What you have to do: What should come back is the data below, word for word, minus any picture.

Recorded information:
______

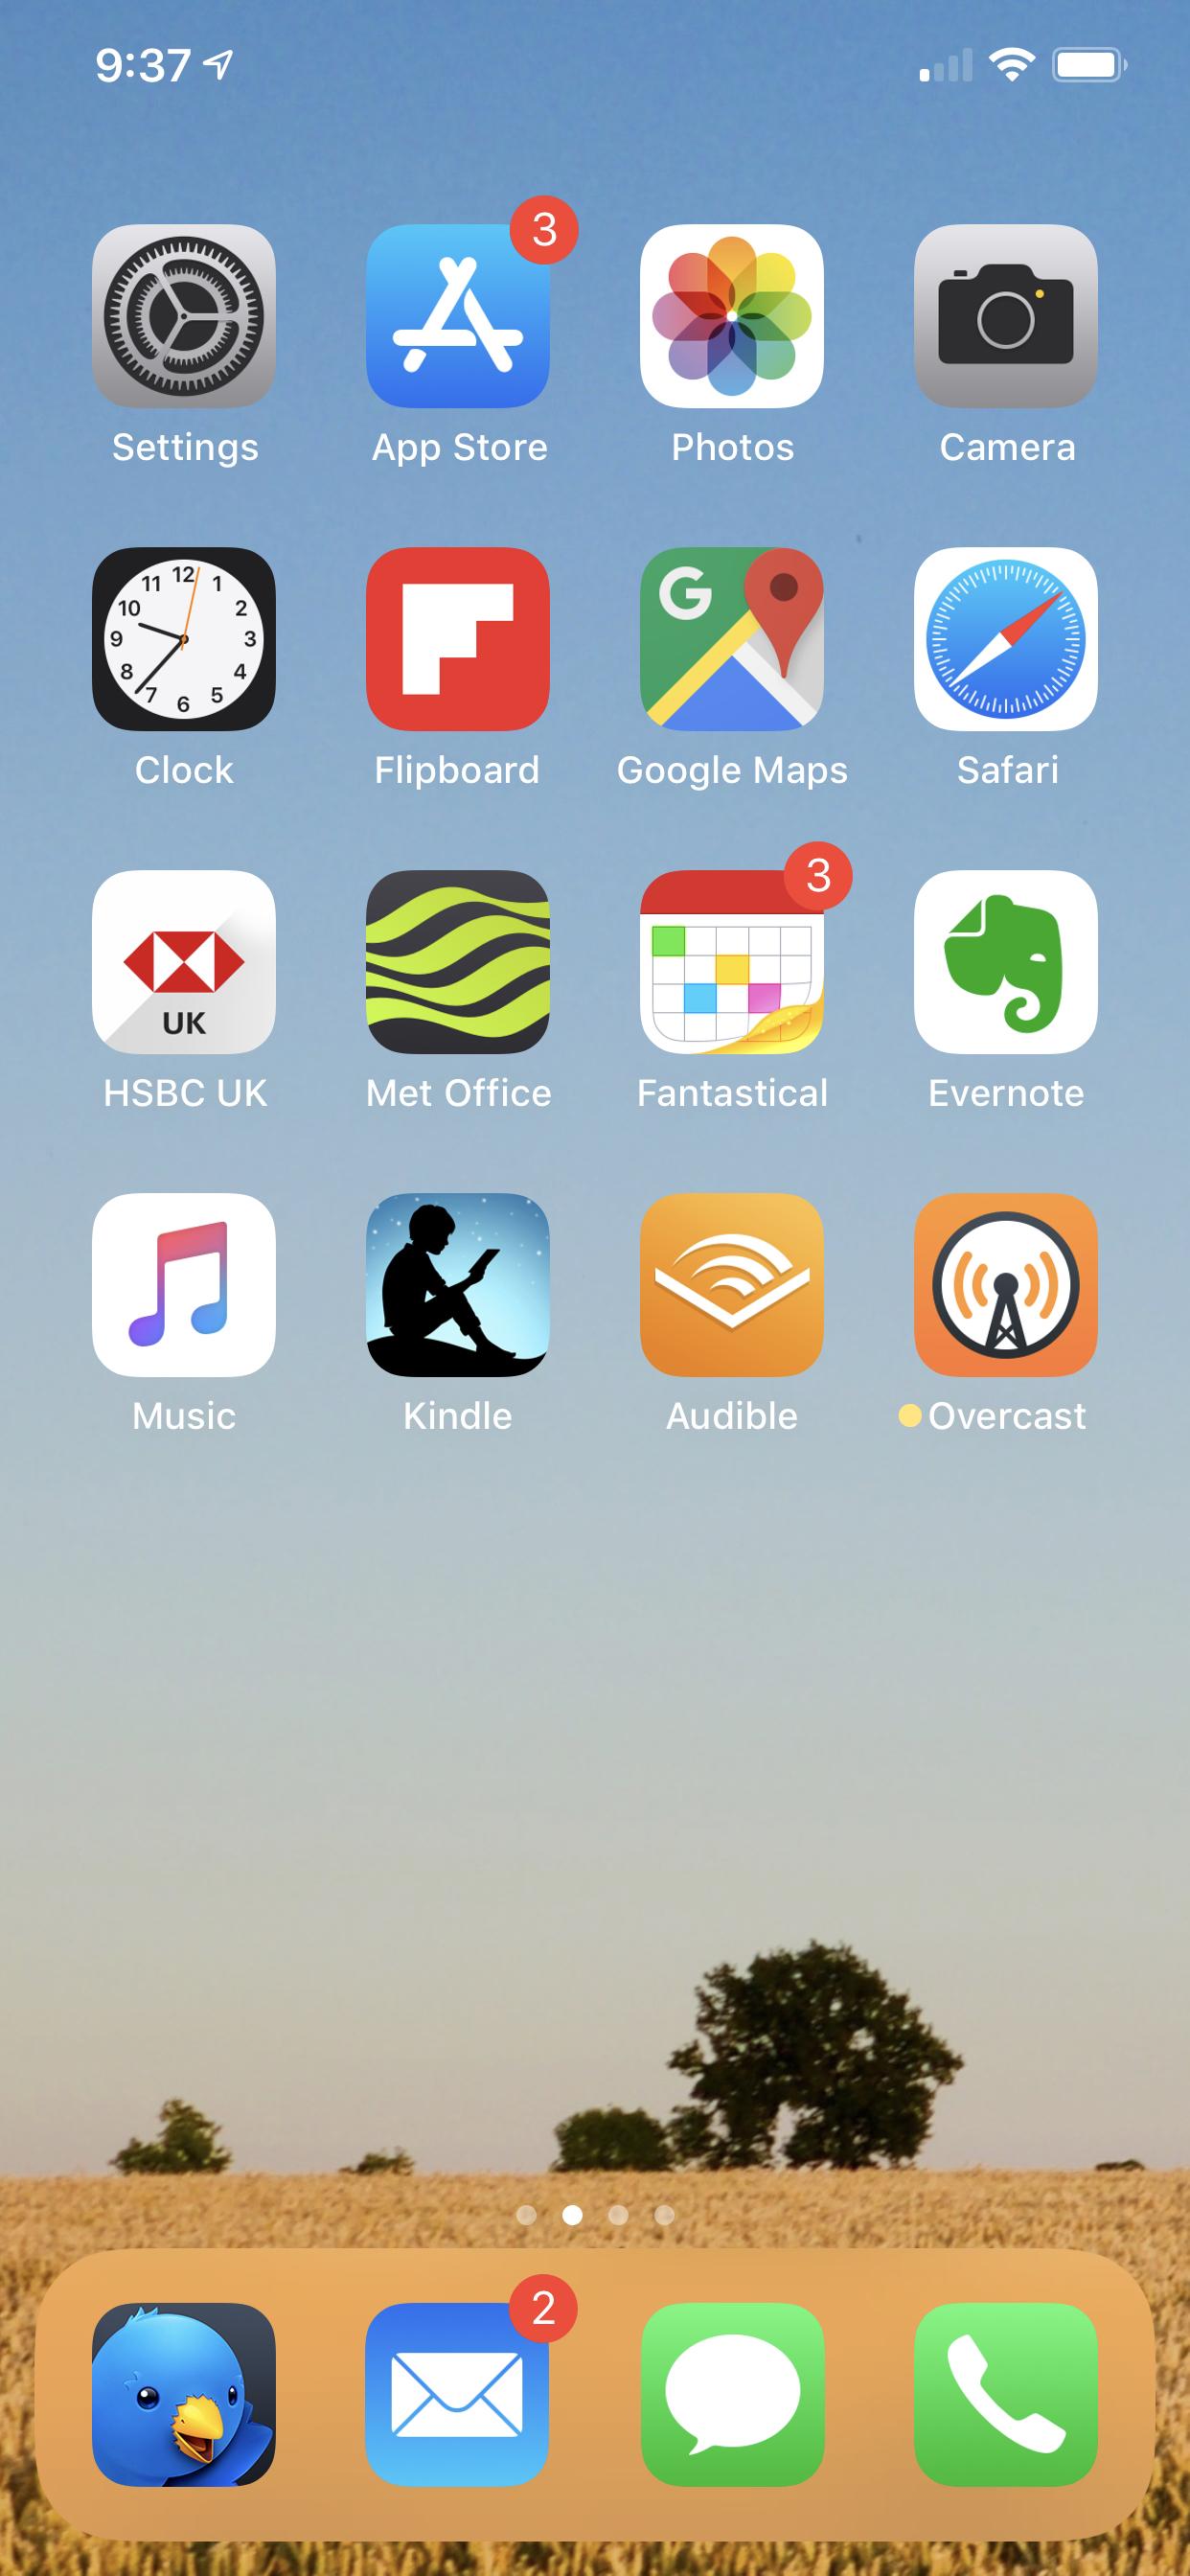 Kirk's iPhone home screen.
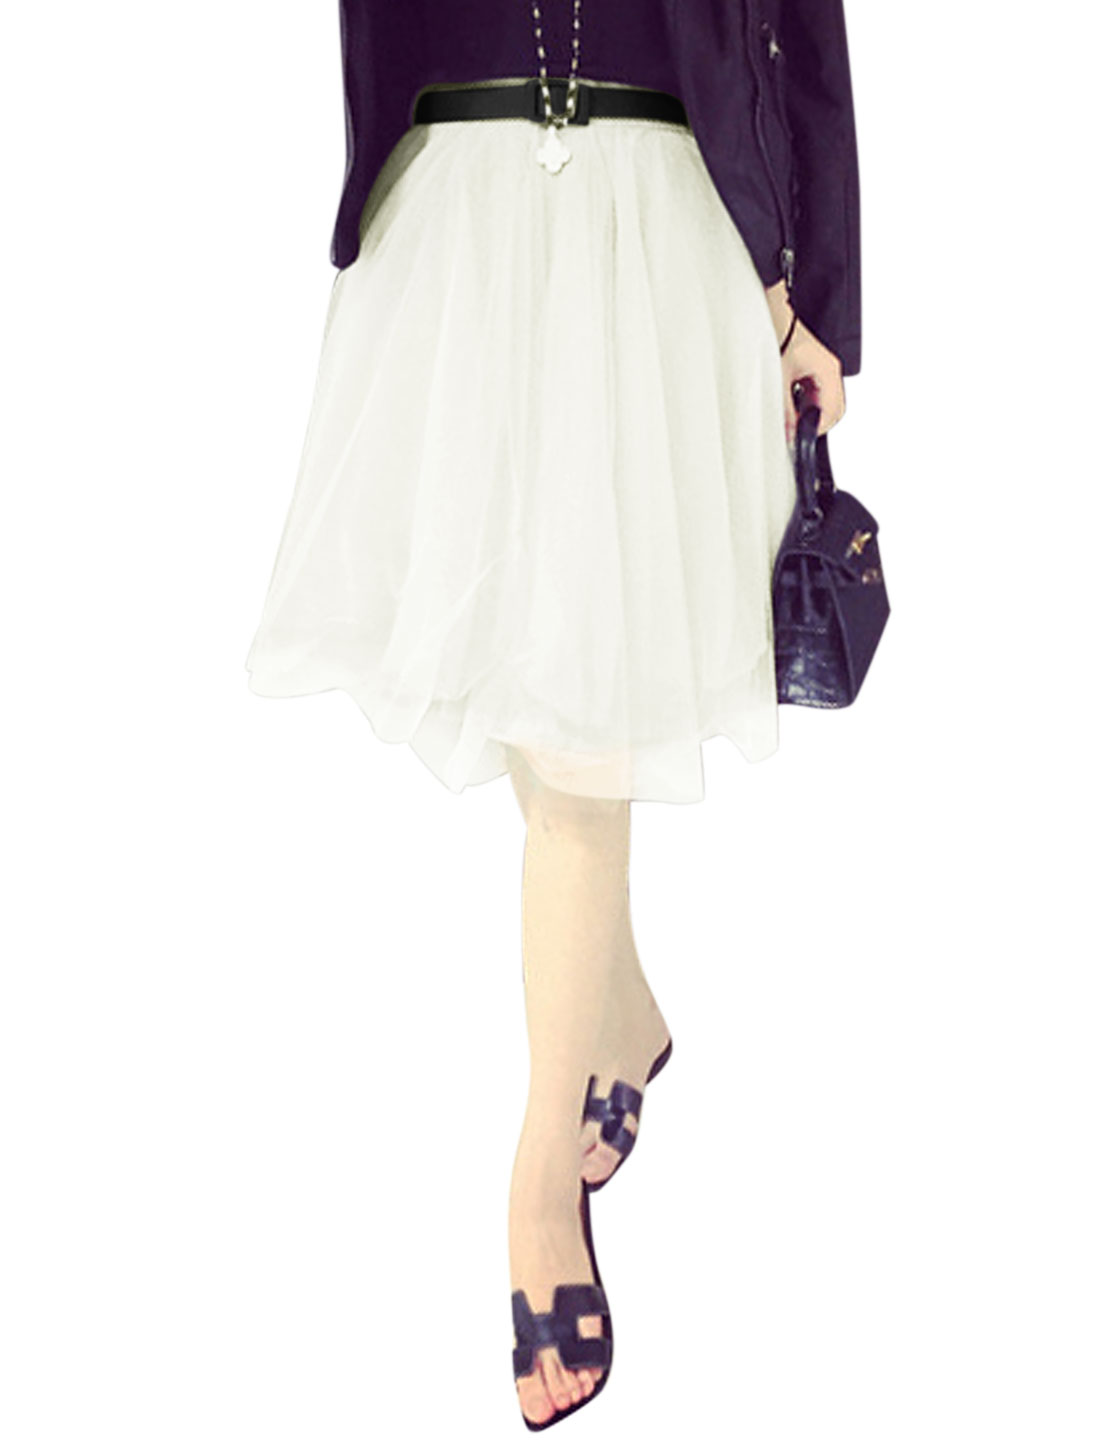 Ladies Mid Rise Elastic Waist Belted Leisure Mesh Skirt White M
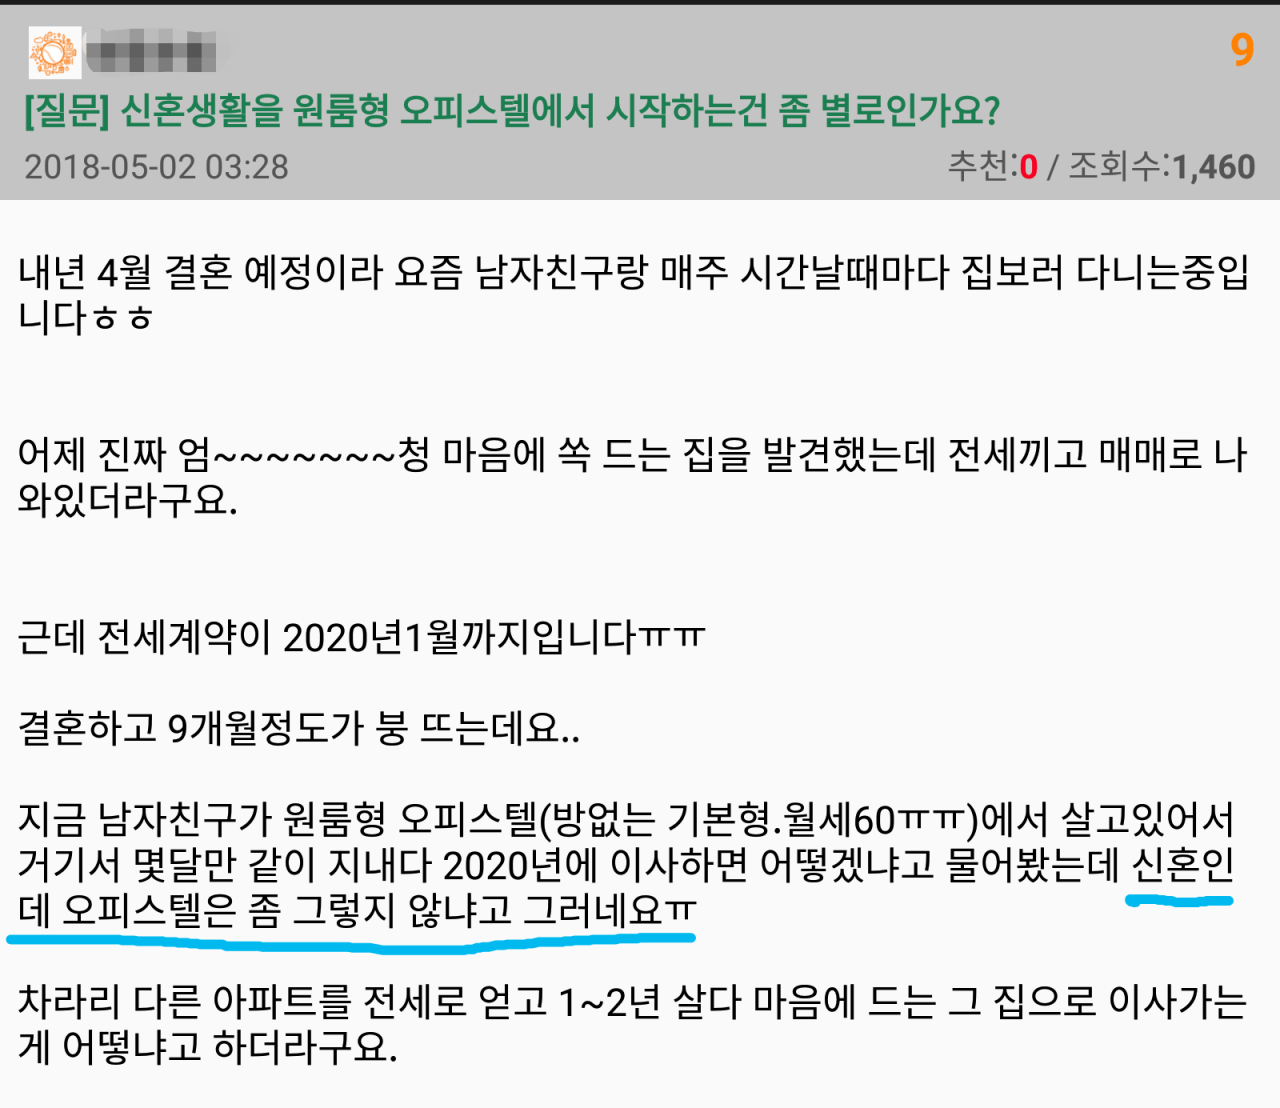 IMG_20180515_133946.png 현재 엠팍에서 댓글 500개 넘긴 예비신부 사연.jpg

______

Exercise answer:
 Kirk's iPhone home screen.
 Ladies Mid Rise Elastic Waist Belted Leisure Mesh Skirt White M
 IMG_20180515_133946.png 현재 엠팍에서 댓글 500개 넘긴 예비신부 사연.jpg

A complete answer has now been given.